1. Field of the Invention
The present invention relates to a storage apparatus and a computer system including a non-volatile memory and a method for managing the storage apparatus.
2. Description of the Related Art
In recent years, flash memories have been attracting attention as storage media for a digital still camera, a portable computer device, or the like.
The flash memory is a semiconductor memory that uses tunneling or hot-electron injection to cause electrons to pass through a gate insulating film to be injected into a floating gate or a trapping layer so that a threshold of a cell transistor will be changed to store data. In the flash memory, a memory cell can be formed by one transistor using a stacked gate structure, a MNOS structure, or the like, and thus inexpensive and large-capacity memory can be achieved.
Meanwhile, the flash memory has a very slow programming speed, requiring hundreds of microseconds (μs) per cell. Moreover, since overwriting of data is not allowed, an erase operation needs to be performed before programming, and this takes as long as several milliseconds. Such a problem is dealt with by parallel processing for multiple memory cells.
A simple example of a structure of a NAND flash memory, which is a typical example of flash memory, is illustrated in FIG. 1.
In a flash memory 1, a group 2 of cells connected to the same word line, for example, is a unit by which writing and reading are performed at a time, and is called a page. Further, a cell array 3 composed of a plurality of pages is a unit by which erasure is performed at a time, and is called a block. The entire flash memory 1 is composed of a plurality of blocks.
Specifically, ISSCC 2002 Digest, p. 106, session 6.4, for example, describes a 1-Gb NAND flash memory with a page size of 2k bytes and an erasure block size of 128 kB. That is, in one memory array, a group of memory cells with a size of 128k bytes are erased in parallel, and the memory cells are programmed in parallel in units of 2k bytes, so that a programming transfer rate of 10 MB/s is achieved.
In general, each page of the NAND flash has a 64-byte spare area while having a 2k-byte storage area for user data, for example.
A system that uses the NAND flash is able to store various management data, such as parity bits, in this spare area. Writing to this spare area generally needs to be performed simultaneously with writing to the area for the user data, and these two areas are handled as a set.
One noteworthy limitation of the flash memory is that an upper bound of the number of times erasure can be performed is specified.
If the number of times erasure has been performed exceeds the upper bound after repeated rewriting to the same block, data storage in that block ceases to be guaranteed. The upper bound of the number of times erasure can be performed for the above NAND flash is one hundred thousand or less, for example.
With increasing miniaturization of memory cells, variations in the threshold of cell transistors have been increasing, and the operation margin has been deteriorating, resulting in the tendency for the upper bound of the number of times of erasure to decrease further.
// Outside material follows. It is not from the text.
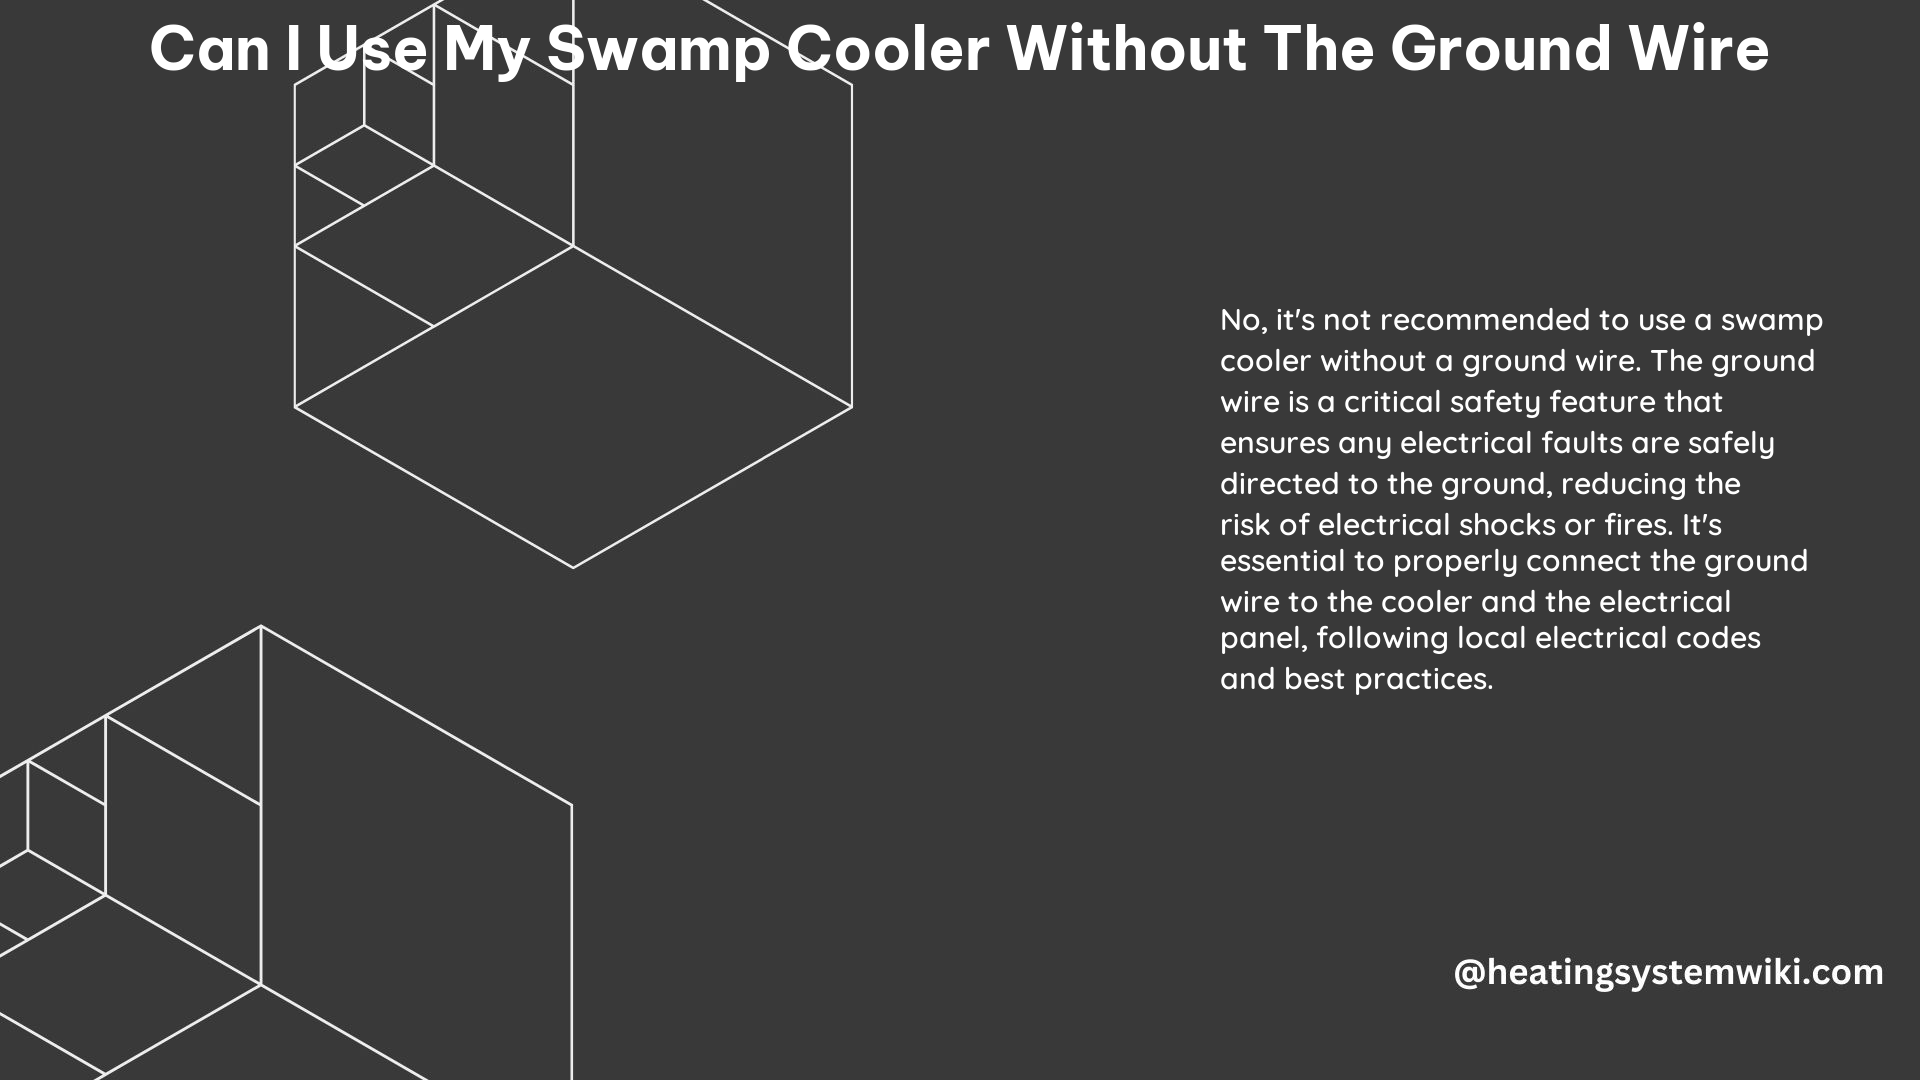 Can I Use My Swamp Cooler Without the Ground Wire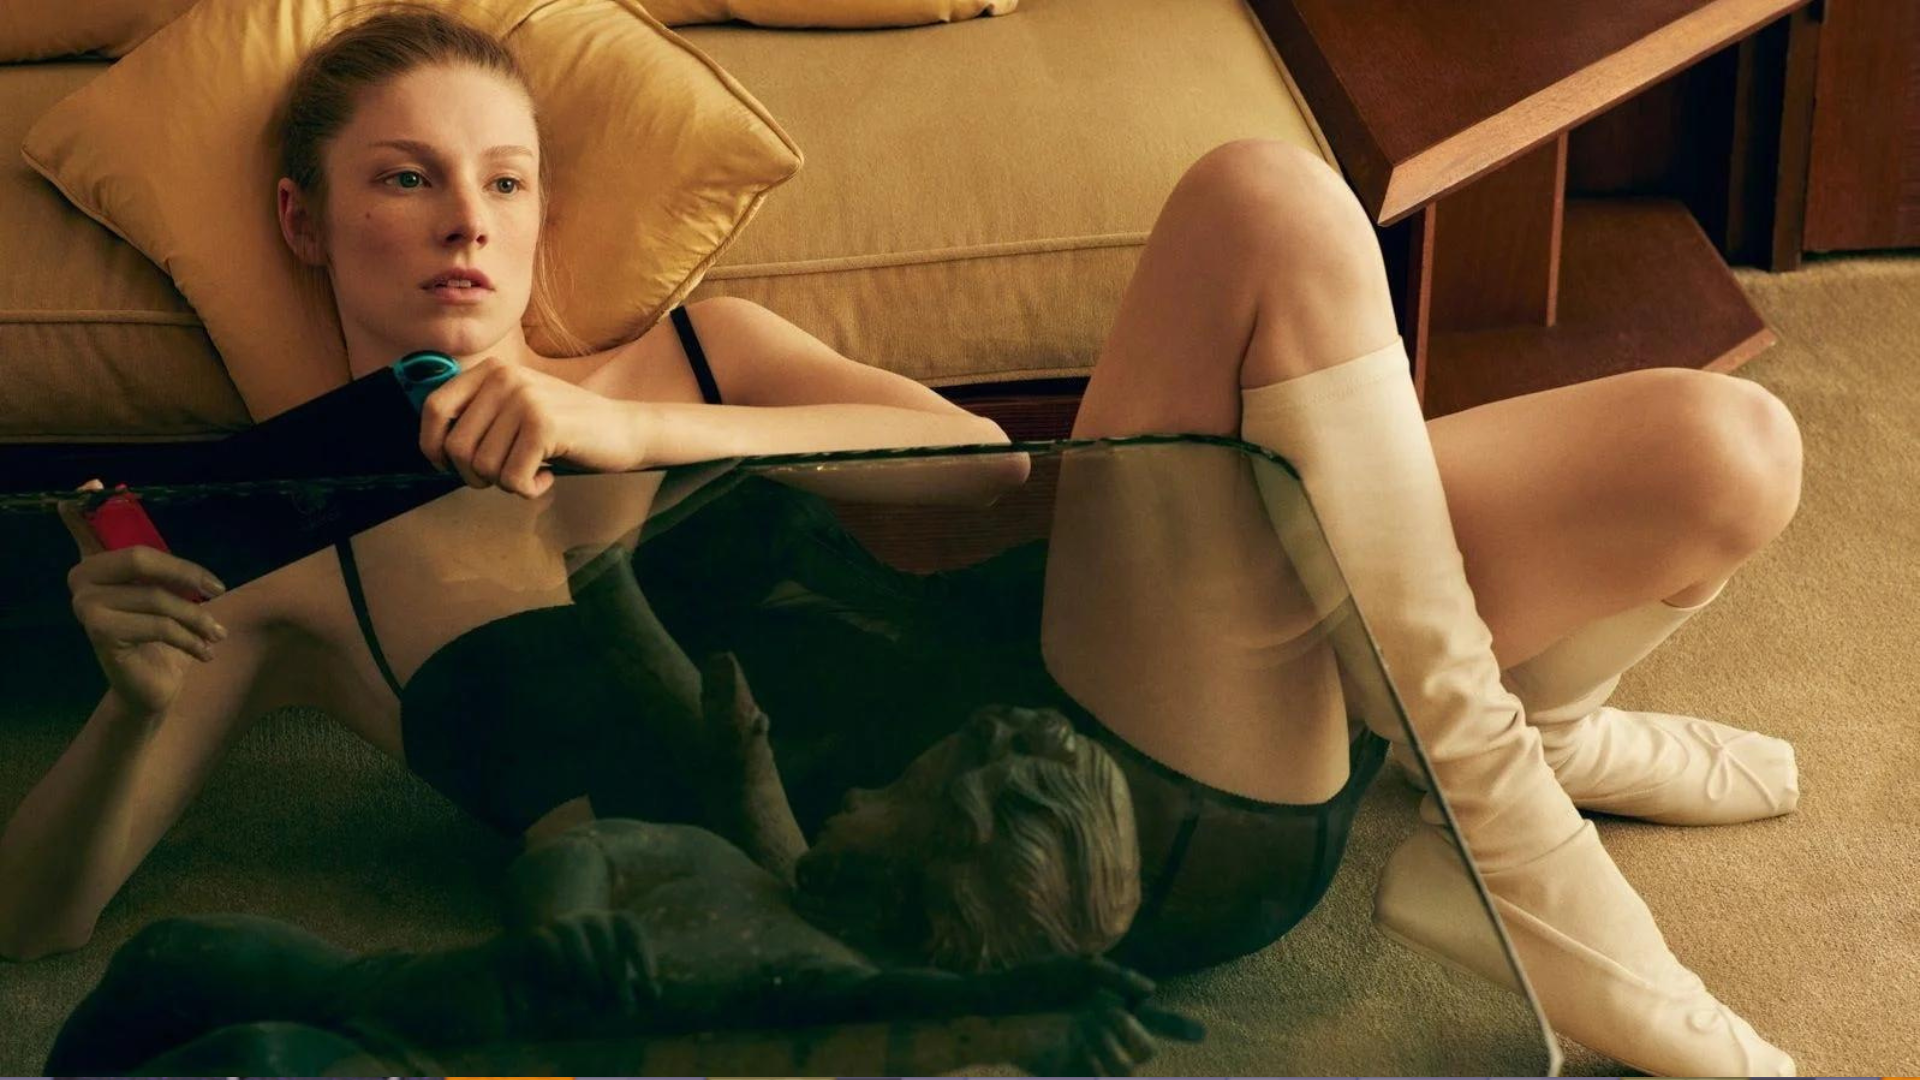 Hunter Schafer lounges on the floor next to a coffee table and couch, her head propped up on a pillow, wearing a black dress and high white boots in a shoot for Vogue Magazine.

Further, in recent years, there has been a tendency for the following new limitations to be placed on the NAND flash in particular, because of changes in internal structure and writing mechanism caused by the miniaturization.
First, a new limitation has been placed on the order in which the pages in the block are written.
Specifically, writing to the pages can be performed in a forward direction, from lower addresses to higher addresses, while writing in an opposite direction is prohibited. For example, once data is written to a certain page, writing of data to lower addresses in the same block is not permitted even when no data has been written to the lower addresses.
Secondly, multiple writing to a page has become difficult. That is, it has become difficult to write data to the same page at two separate times. Therefore, it is becoming difficult to use various techniques formerly used for management of the flash memory, such as marking some bits in the spare area before writing data to the page, or setting a flag in the spare area after data writing.